Up to and including the line bearing "Engraving of Bernard", output every line of the entries exactly as written, starting from the first; pictures stay out.

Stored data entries
····················

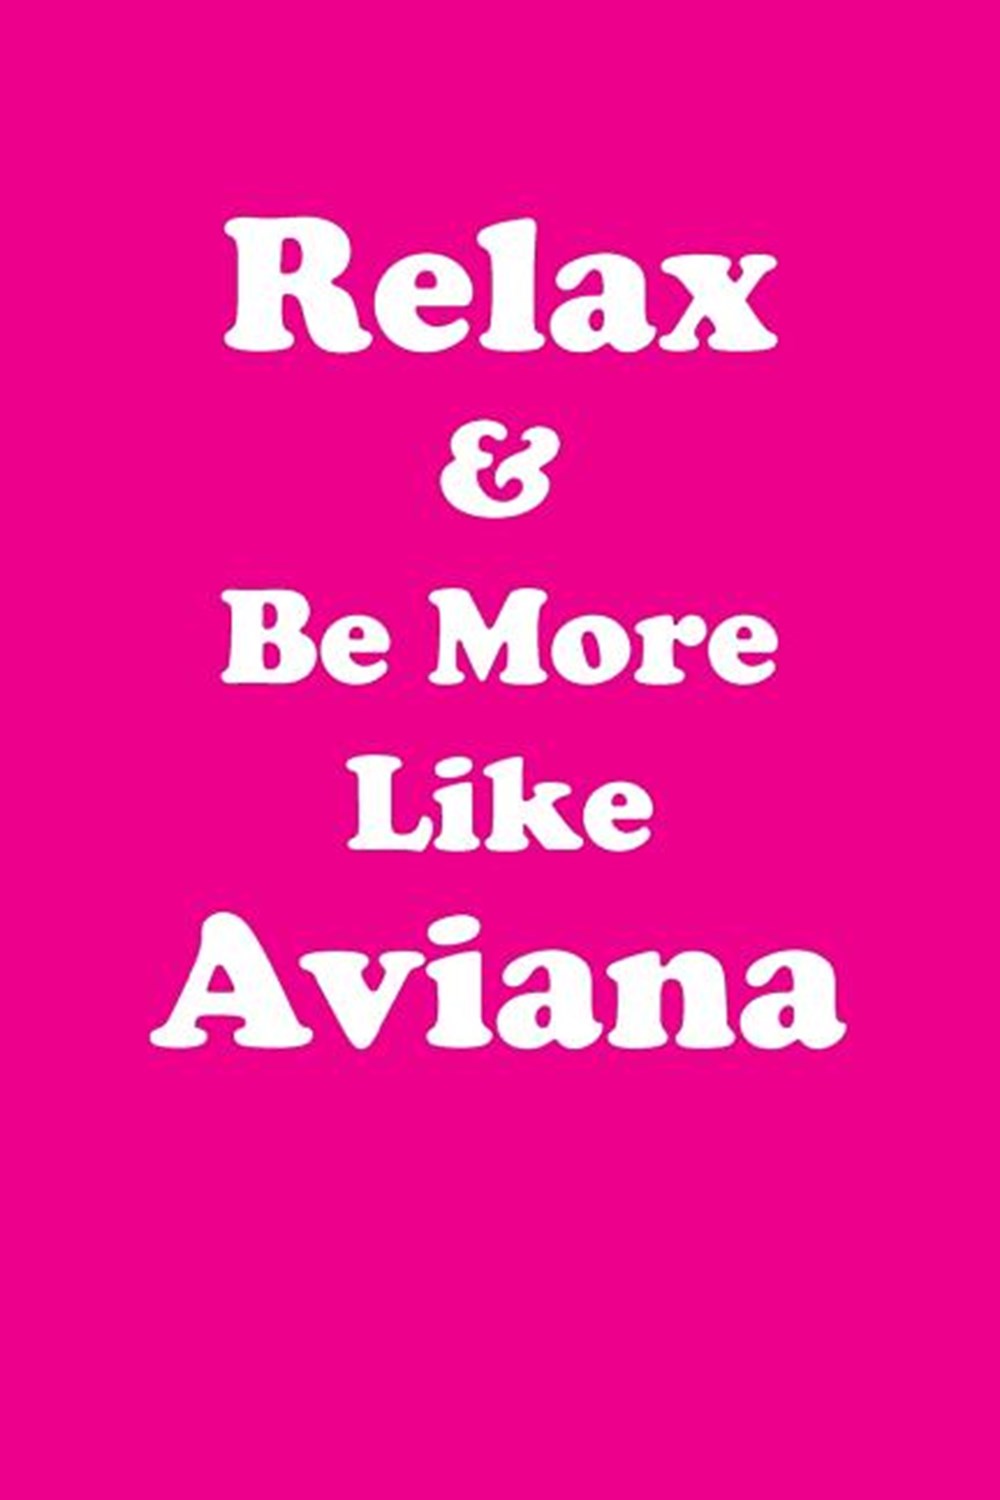 Relax & Be More Like Aviana Affirmations Workbook Positive Affirmations Workbook Includes Mentoring 
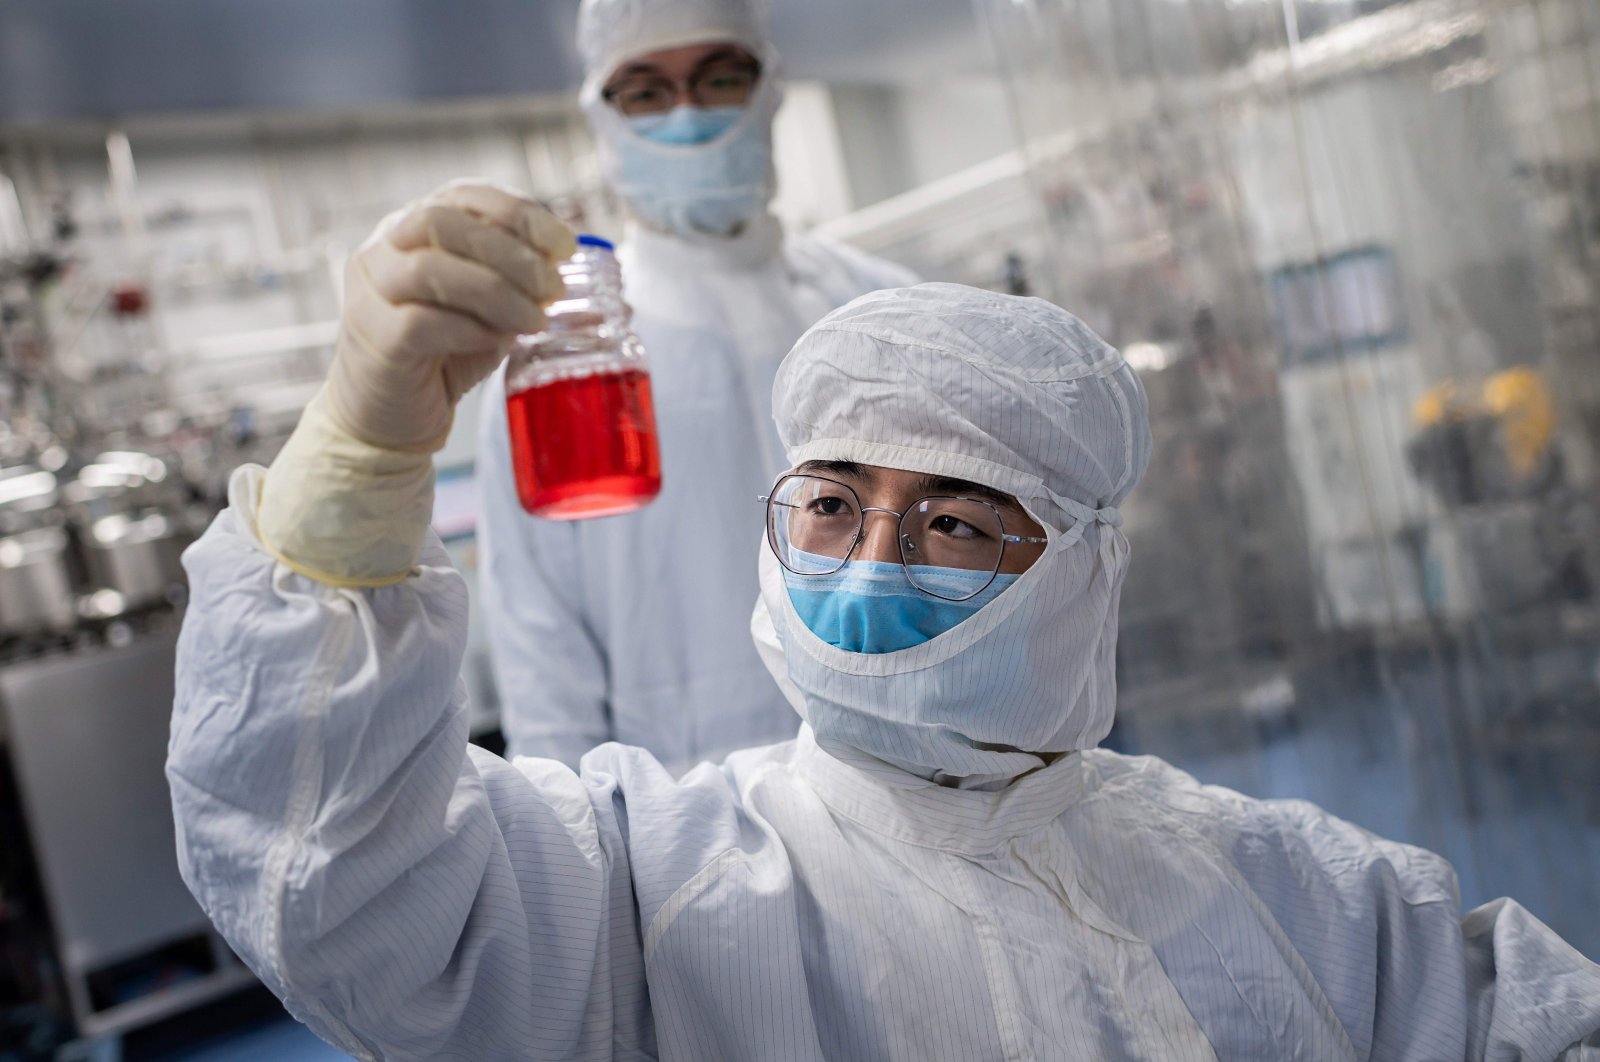 In this April 29, 2020, file photo an engineer looks at monkey kidney cells as he makes a test on an experimental vaccine for the COVID-19 coronavirus inside the Cells Culture Room laboratory at the Sinovac Biotech facilities in Beijing. (Photo by NICOLAS ASFOURI / AFP)
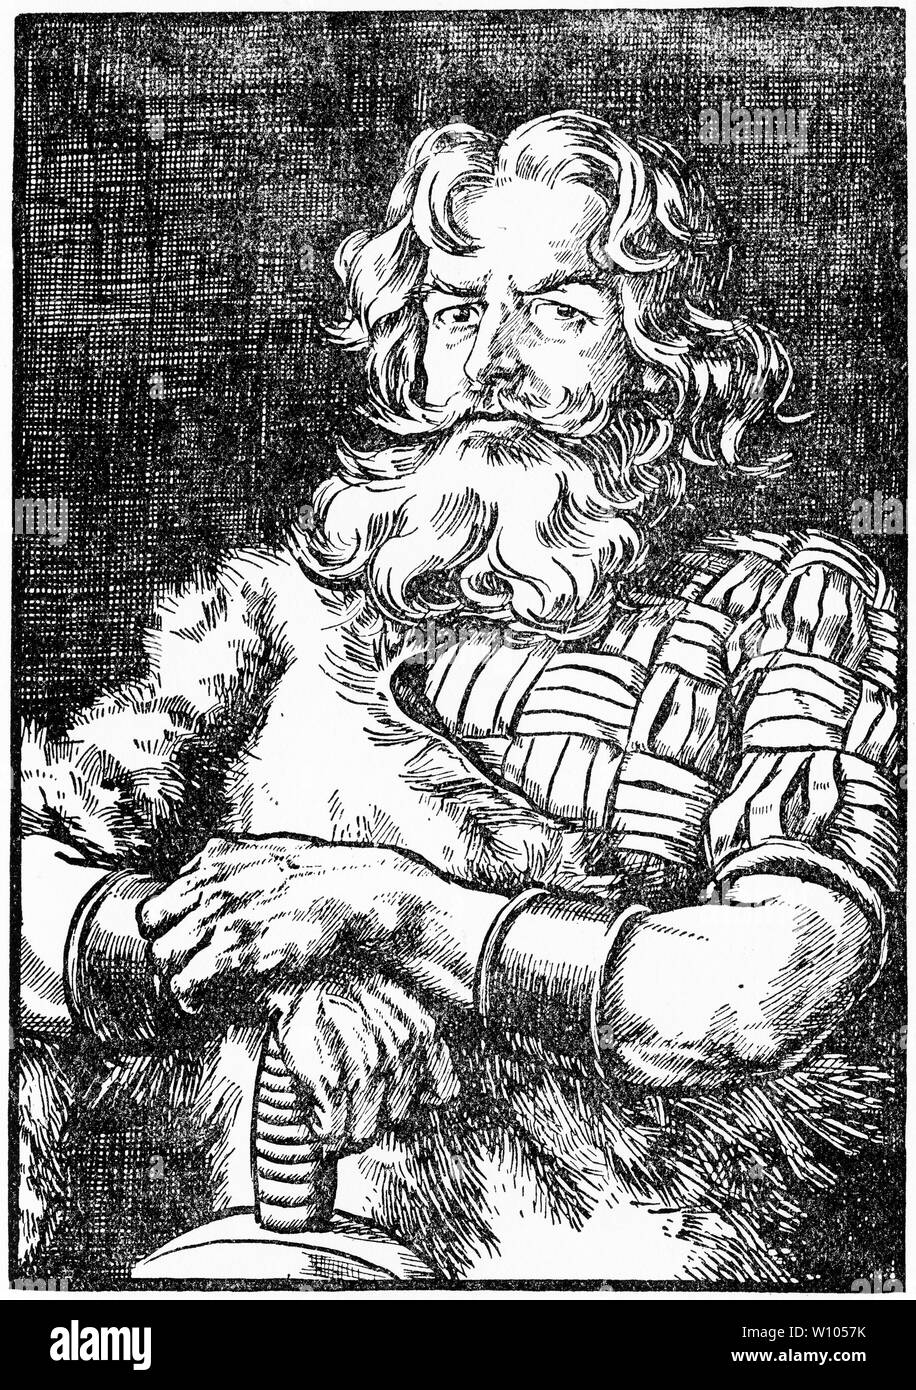 Engraving of Bernard the Dane (c.880 - c. 960), a Viking jarl (earl) of Danish origins. He put himself in the service of another jarl, Rollo, to conquer and colonize what would become Normandy. From an early edition of The Little Duke. Stock Photo
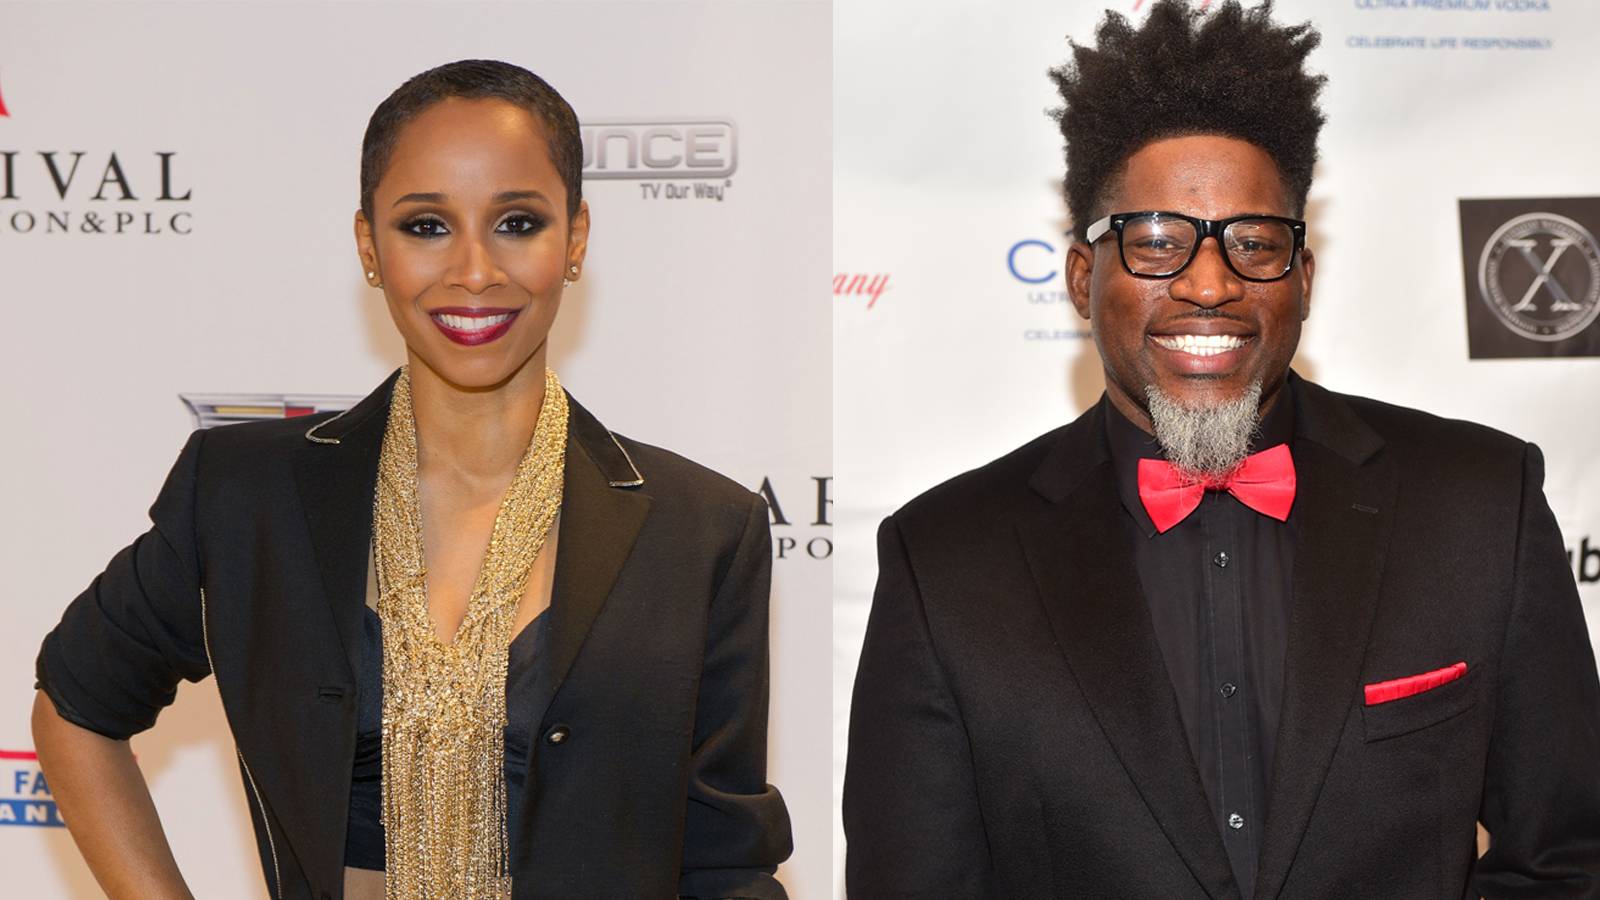 Get to Know: David Banner and Vivian Green - David Banner and Vivian Green will share their stories with Lift Every Voice this Sunday at 10A/9C! (Photos from left: Marcus Ingram/Getty Images, Prince Williams/FilmMagic)&nbsp;
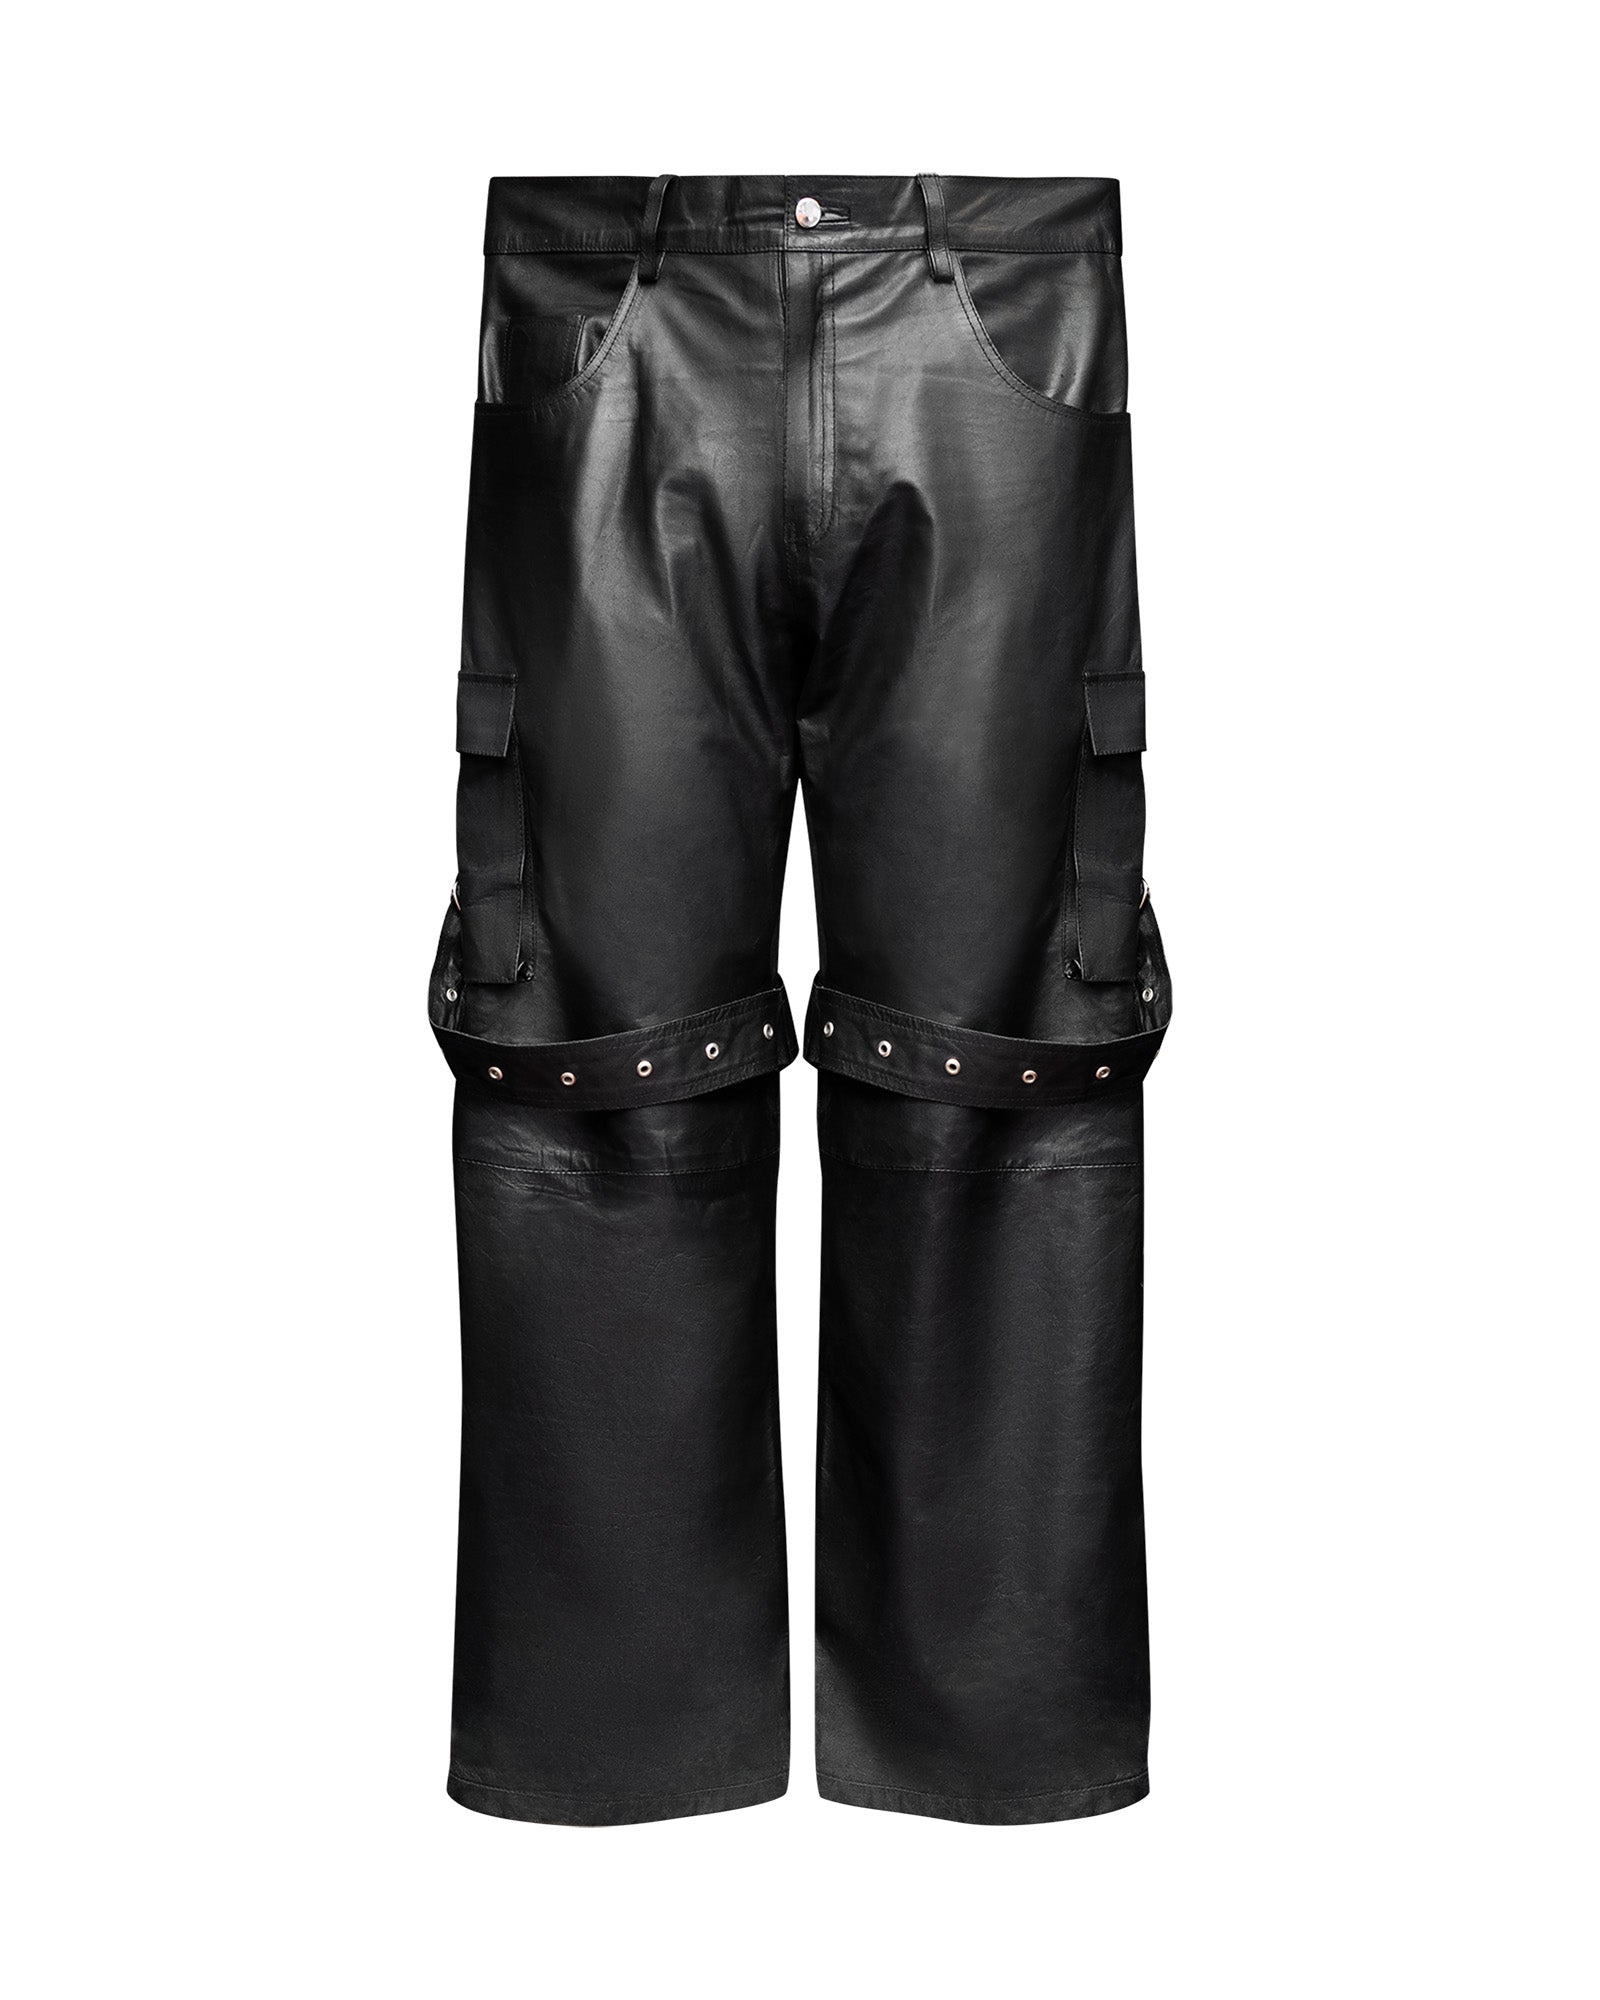 BOMBER REVERIE NAPPA LEATHER CARGO PANTS

····················

ANSWER BELOW =>
 Relax & Be More Like Aviana Affirmations Workbook Positive Affirmations Workbook Includes Mentoring 
 In this April 29, 2020, file photo an engineer looks at monkey kidney cells as he makes a test on an experimental vaccine for the COVID-19 coronavirus inside the Cells Culture Room laboratory at the Sinovac Biotech facilities in Beijing. (Photo by NICOLAS ASFOURI / AFP)
 Engraving of Bernard the Dane (c.880 - c. 960), a Viking jarl (earl) of Danish origins. He put himself in the service of another jarl, Rollo, to conquer and colonize what would become Normandy. From an early edition of The Little Duke. Stock Photo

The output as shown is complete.